Permanent credentials don't have this restriction. Using only temporary credentials is a best practice, and you can explicitly revoke any permanent credential, which would also invalidate any signatures based upon that credential.

Although s3:signatureAge is measured in milliseconds, it isn't practical to set it to less than 60 seconds, even if you have a well-synchronized clock and low-latency usage. Settings that are lower than 60 seconds carry the risk of rejecting valid requests. If you expect delays between signature generation and request submission, or issues with clock synchronization, you should account for these in your management of s3:signatureAge.

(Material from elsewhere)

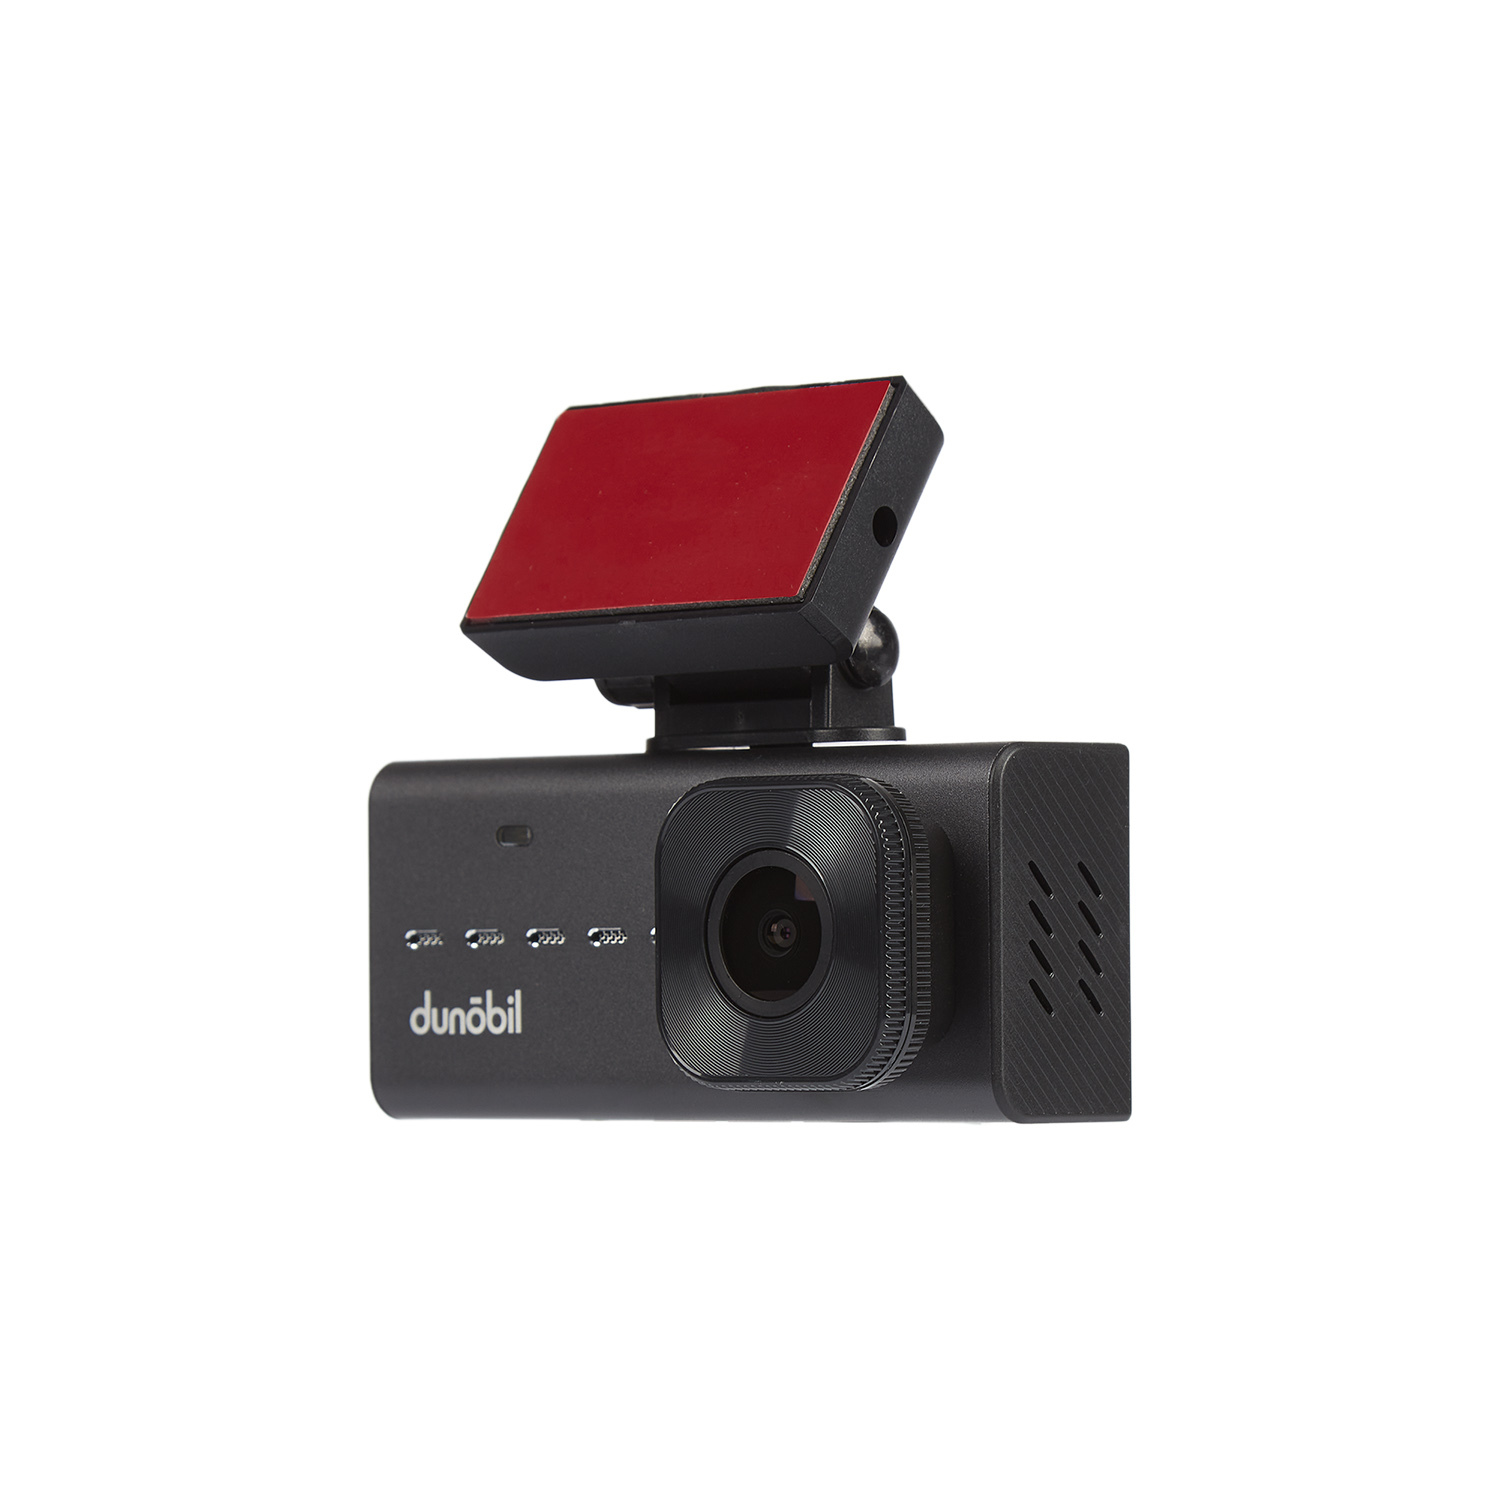 Видеорегистратор с выносными камерами Dunobil Aurora Duo, 2 камеры, 1920x1080 25 к/с, 140°, G-сенсор, microSD (microSDHC) (Dunobil-Aurora-Duo)

Targeting buckets at scale

SCPs and RCPs can use aws:PrincipalTag to make exceptions for users. You can't use tags on a bucket to control access through aws:ResourceTag―only object tags are used for access control. It isn't generally scalable to add a tag to every object you want to apply this control to. 

A solution that fits many use cases is to apply the policy and exception at the account level, either by changing the accounts that the SCP or RCP applies to or by using aws:ResourceAccount, aws:ResourceOrgPaths, or aws:ResourceOrgID. For example, an SCP or RCP might be applied to a set of production accounts.

Another solution is to use a custom AWS Config rule to implement a detective control or responsive control. The goal would be for every bucket to contain a bucket policy with the appropriate guardrail. In addition to testing the content of a bucket policy, the custom AWS Config rule can retrieve the tags from the bucket and exclude the bucket from the rule if the bucket is tagged with a specific value. If that rule fails its compliance check, it could either mark the bucket as non-compliant or invoke a remediation to add the guardrail to the bucket's policy.

Note

You can't restrict the tag content of requests to PutBucketTagging. To maintain control over how a bucket is tagged, you must limit access to PutBucketTagging and DeleteBucketTagging.